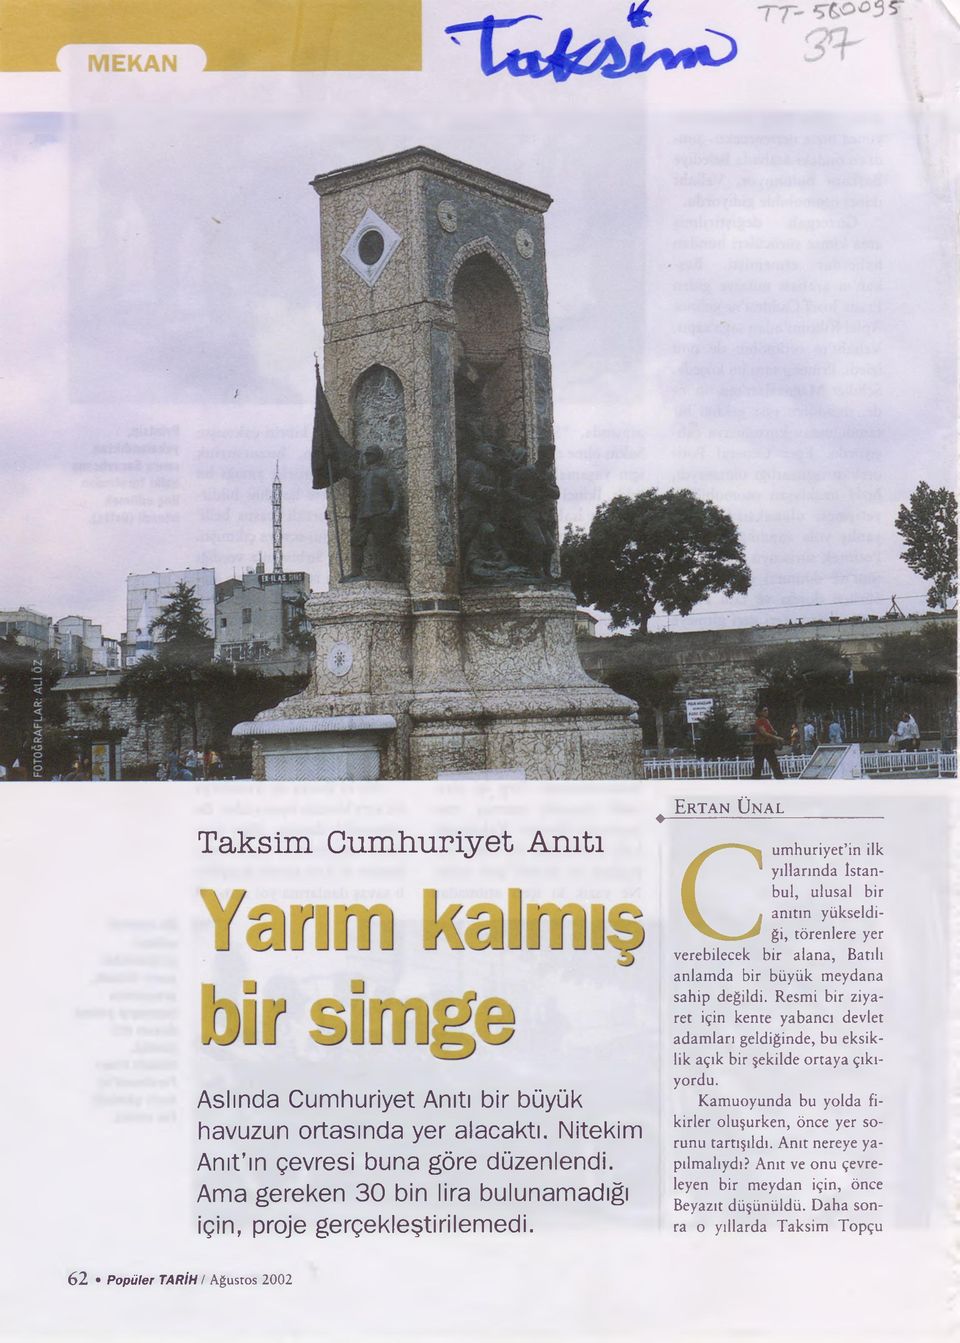 ^ Ertan Ünal ------------------------------------ Cumhuriyet in ilk yıllarında İstanbul, ulusal bir anıtın yükseldiği, törenlere yer verebilecek bir alana, Batılı anlamda bir büyük
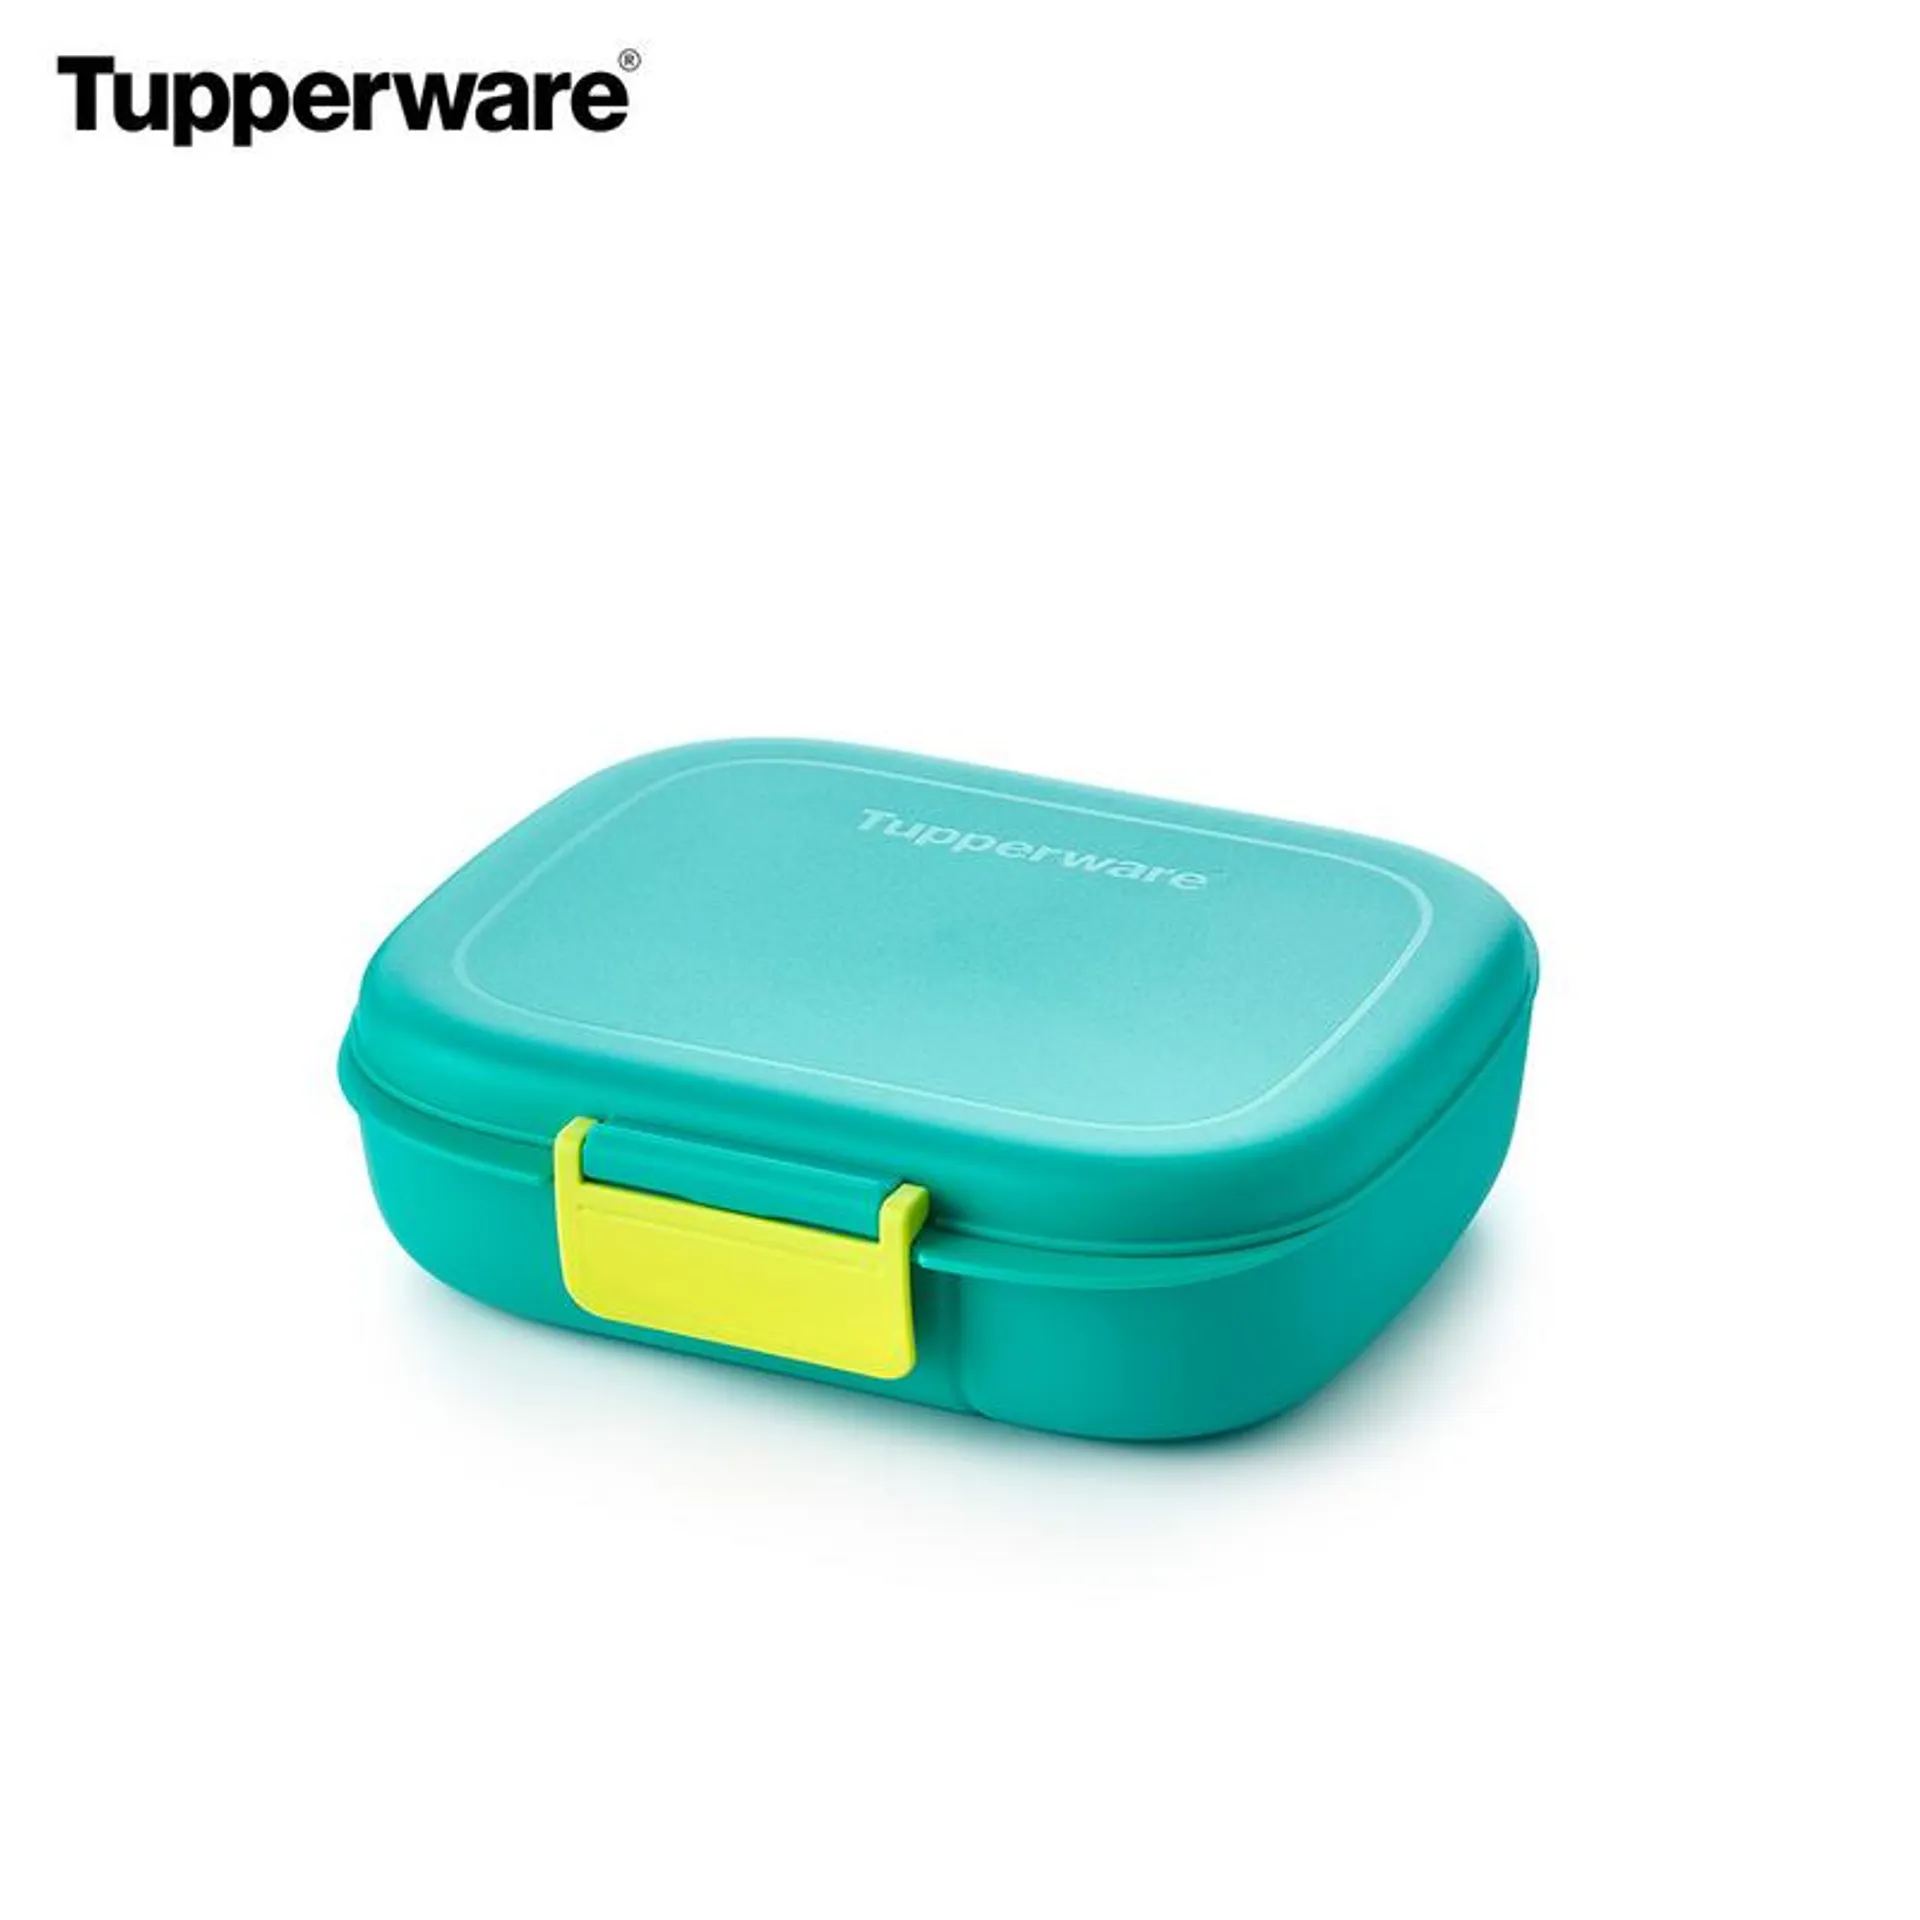 Llevar tu almuerzo en tus desplazamientos ahora es más fácil con la nueva lonchera de Tupperware.
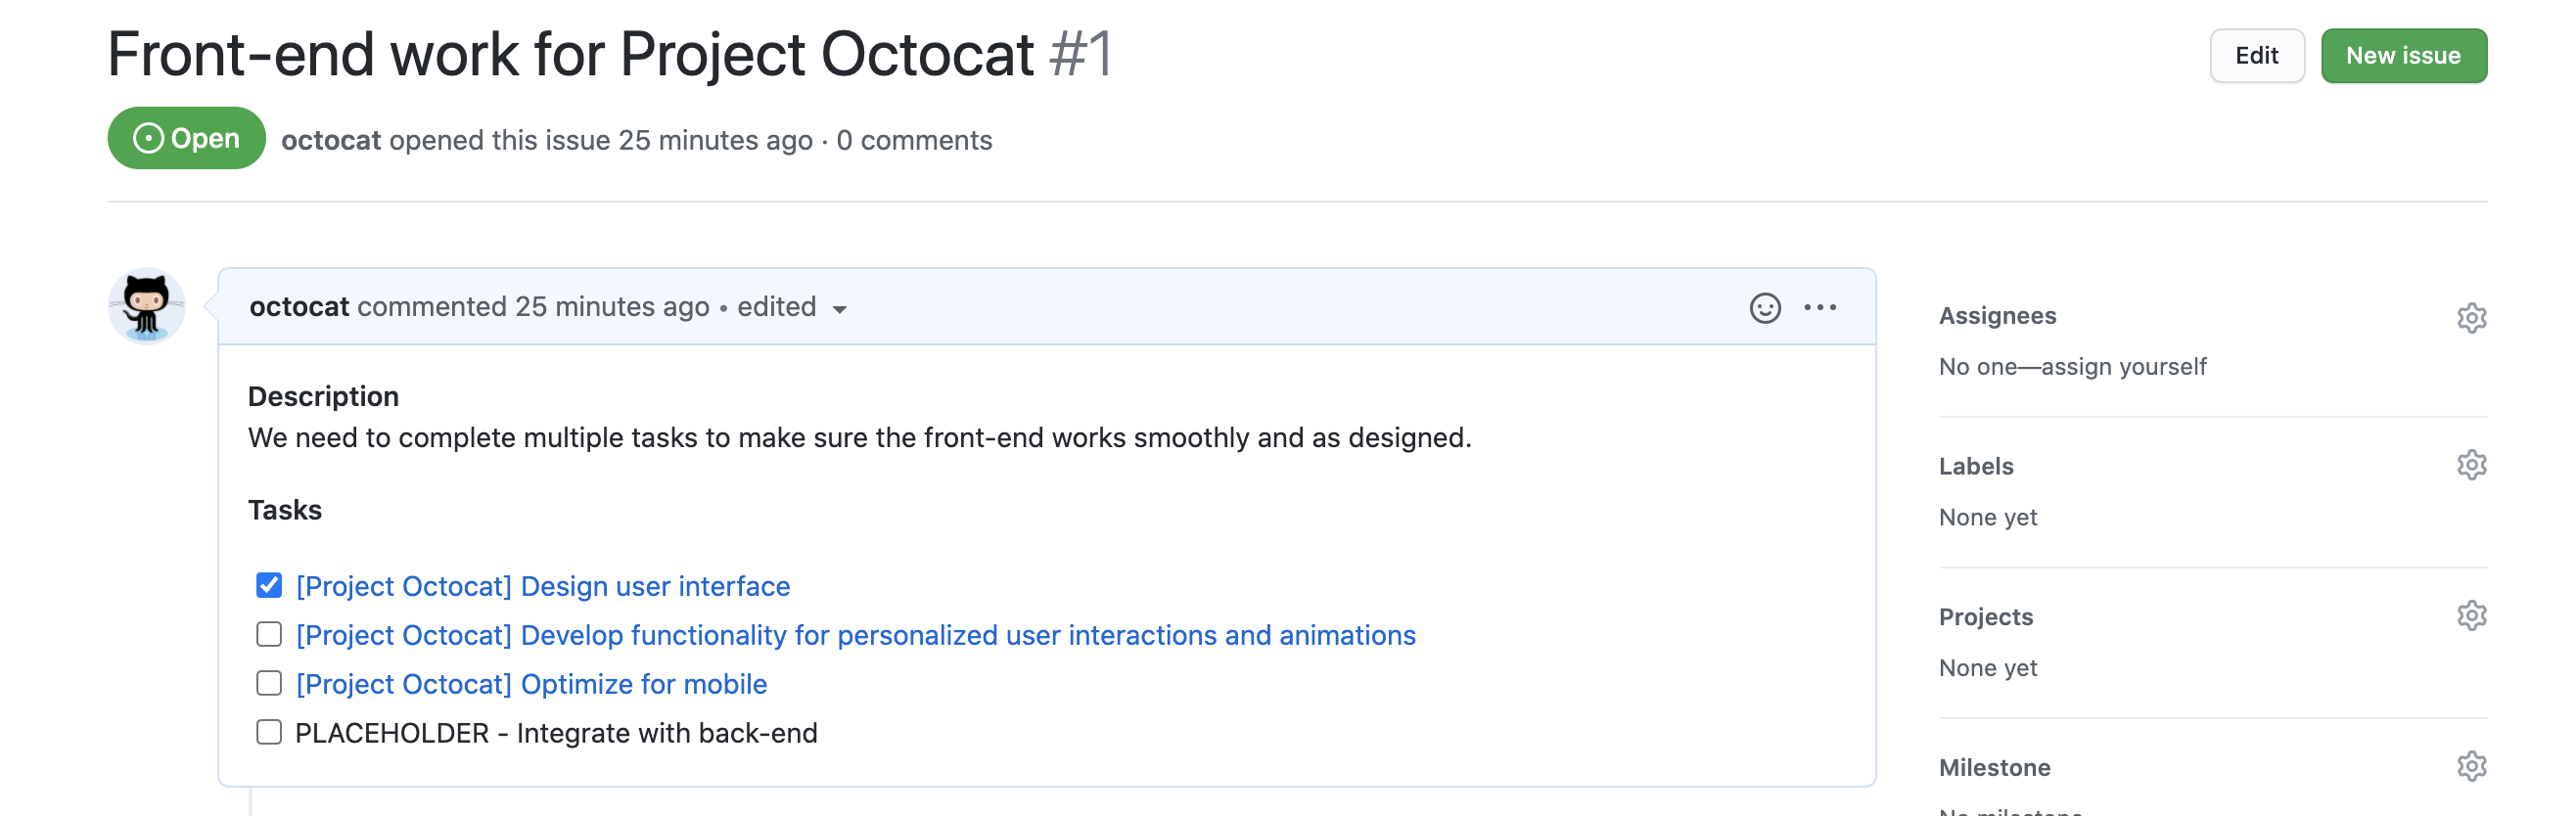 名为“Octocat 项目前端工作”的议题的屏幕截图。 议题正文包含一个任务列表，每个议题链接前面都有一个复选框。

== Problem to solve ==
Everything from the line containing "Llevar tu almuerzo" through the last line of the listing above must be output exactly, except the pictures.

== Solution to this problem ==
 Llevar tu almuerzo en tus desplazamientos ahora es más fácil con la nueva lonchera de Tupperware.
 名为“Octocat 项目前端工作”的议题的屏幕截图。 议题正文包含一个任务列表，每个议题链接前面都有一个复选框。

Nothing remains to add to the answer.